- HOW TO COMPLETE THIS TASK
Your answer should be an exact copy of the lines from the one containing "LyLy is too" through the last line of the records below, without any pictures.

[[ SUPPLIED MATERIAL open ]]

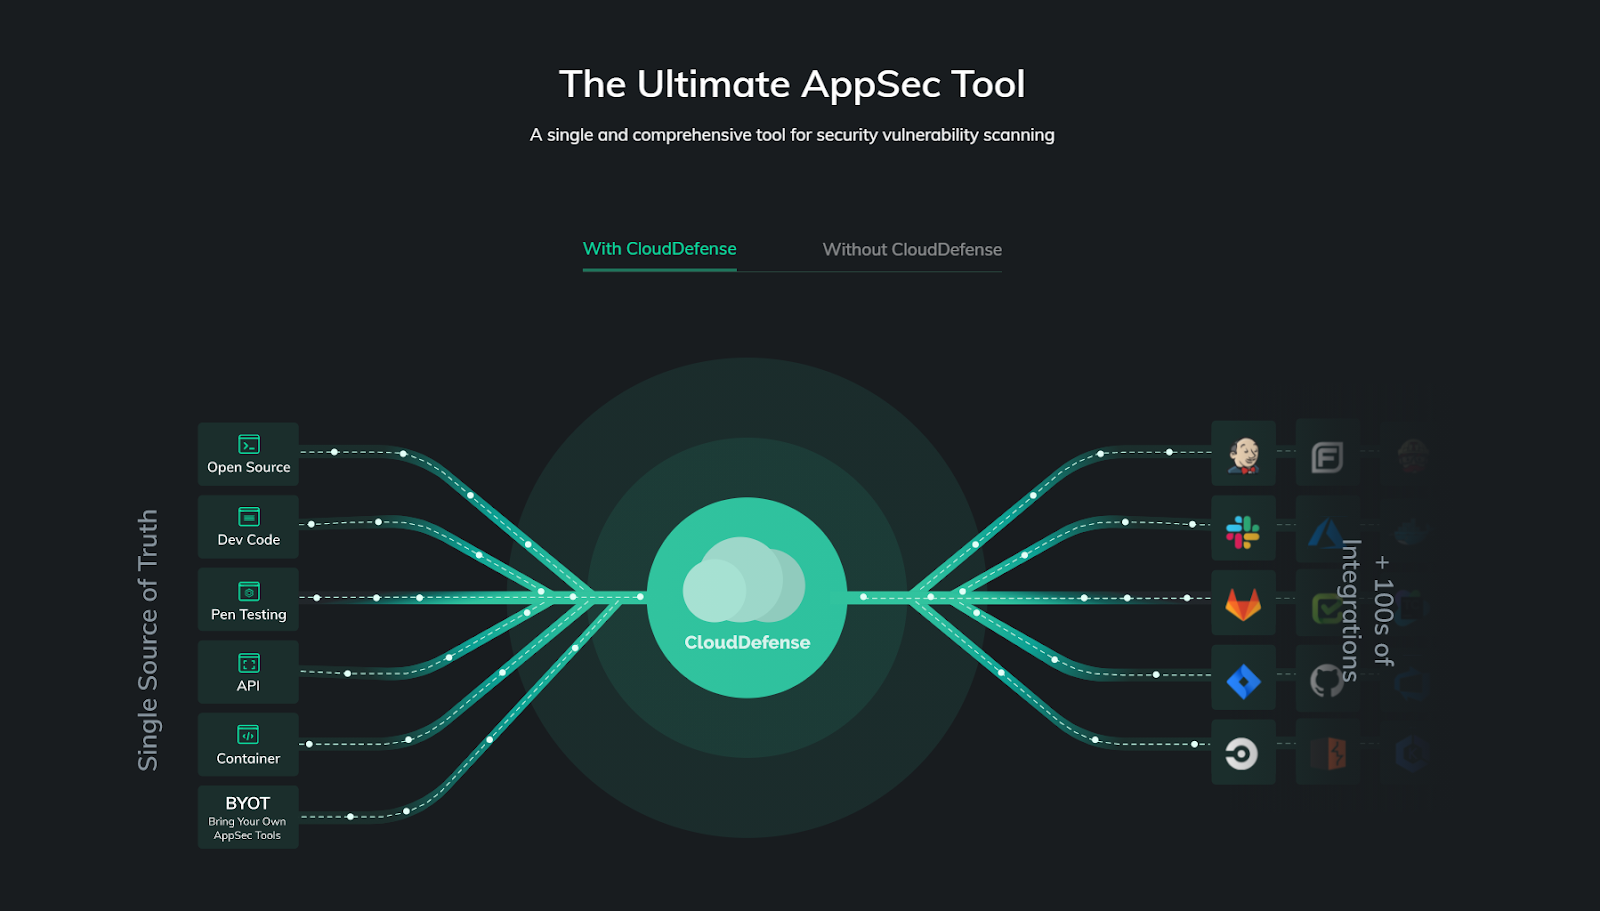 clouddefense.AI ultimate appsec tool | How to Avoid OSS License Compliance Lawsuits and Vulnerabilities
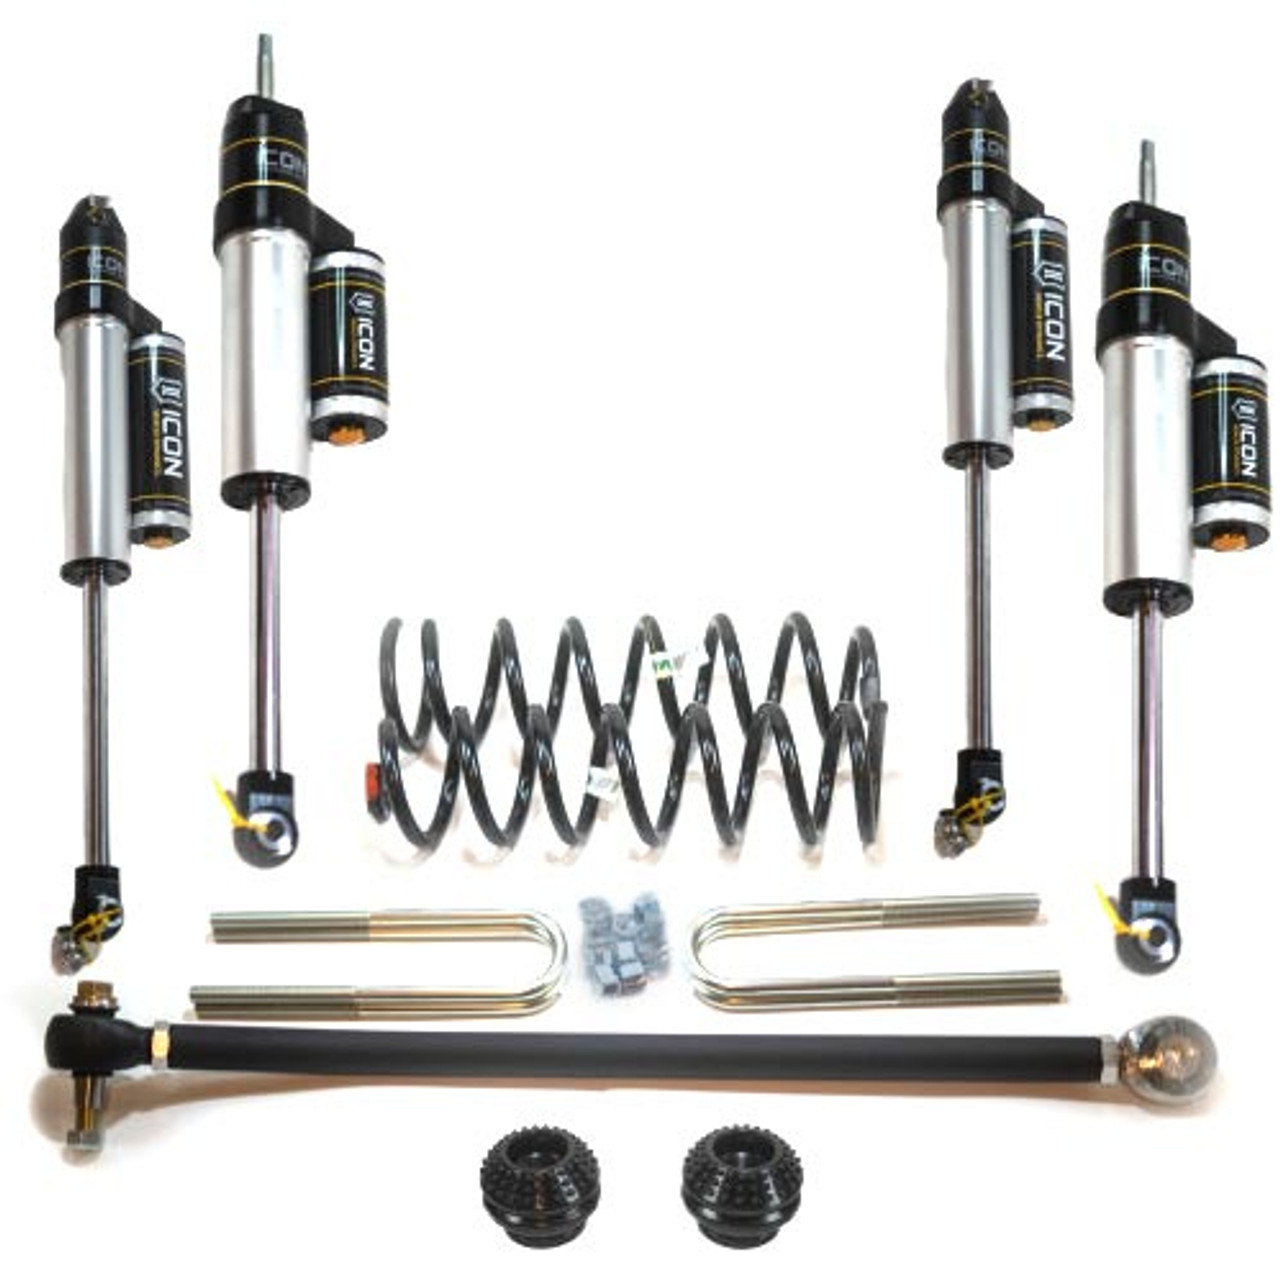  NO LIMIT FABRICATION REVERSE LEVEL KIT WITH 2.5" SHOCKS 2005-2010 FORD F-250/350 4WD (12-BOLT/3.5" AXLE) (NLFNLRLK05103525)Kit View
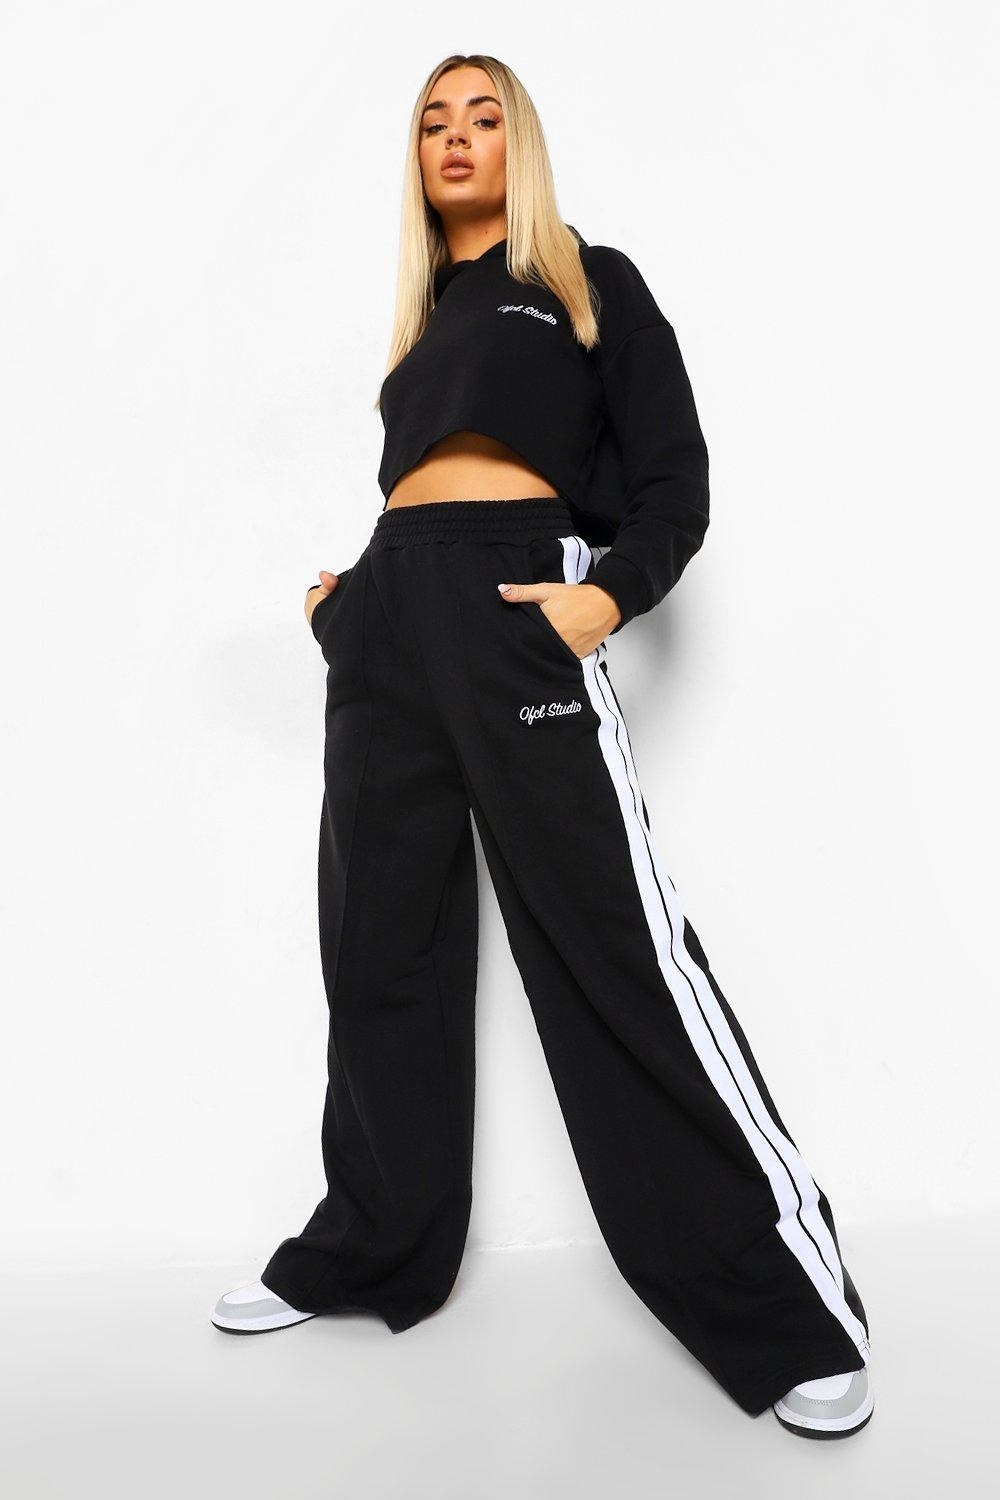 Model wearing black and white-striped tracksuit
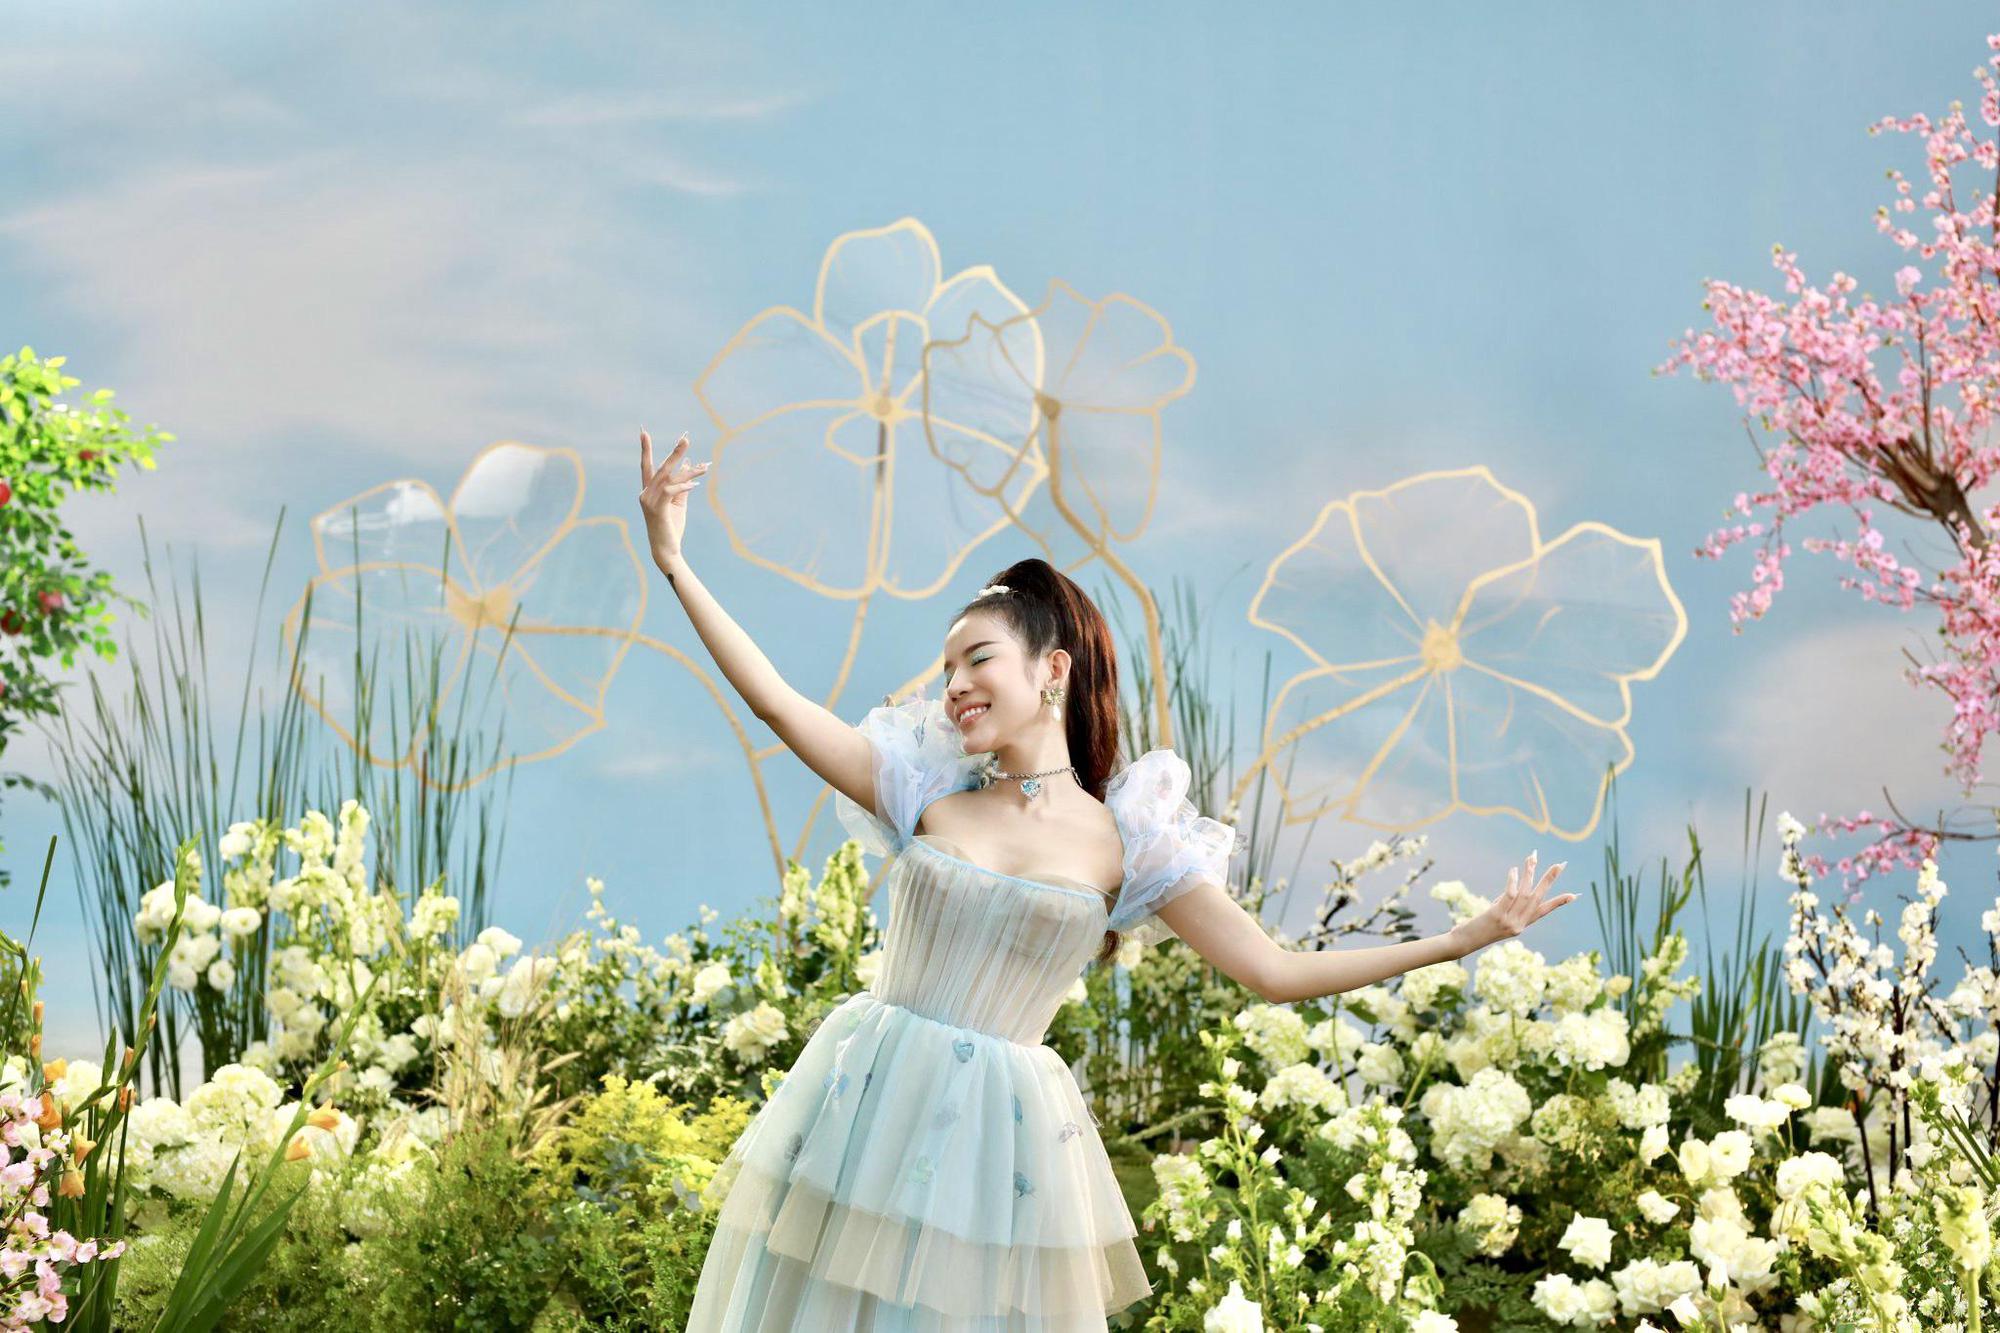 LyLy is too beautiful in the new MV, willing to play and transform into 3 princesses that make fans 
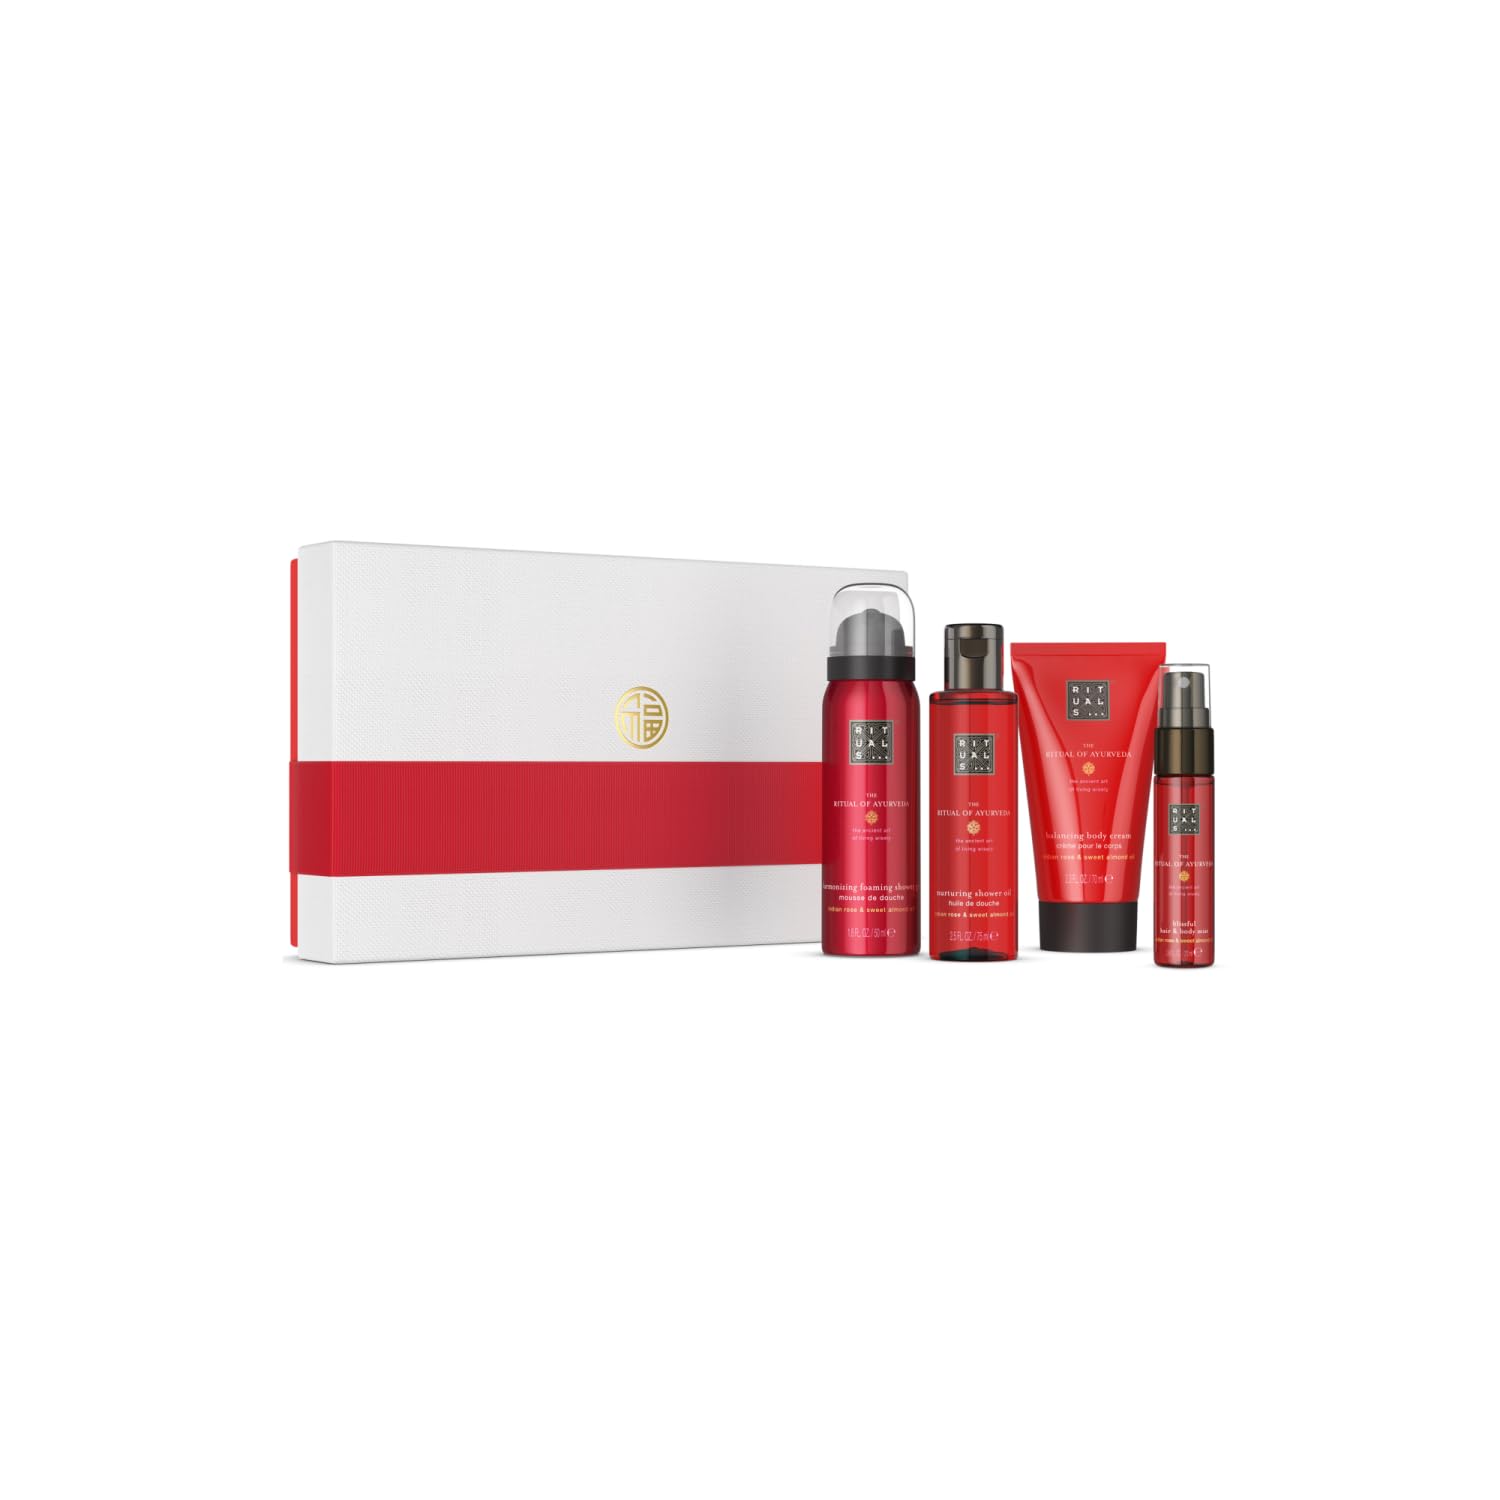 RITUALS The Ritual of Ayurveda Gift Set S - Gift Box with 4 Personal Care Products with Indian Rose and Sweet Almond Oil - Balancing Fragrance

[[ SUPPLIED MATERIAL closed ]]

- EXPECTED ANSWER
 LyLy is too beautiful in the new MV, willing to play and transform into 3 princesses that make fans 
 RITUALS The Ritual of Ayurveda Gift Set S - Gift Box with 4 Personal Care Products with Indian Rose and Sweet Almond Oil - Balancing Fragrance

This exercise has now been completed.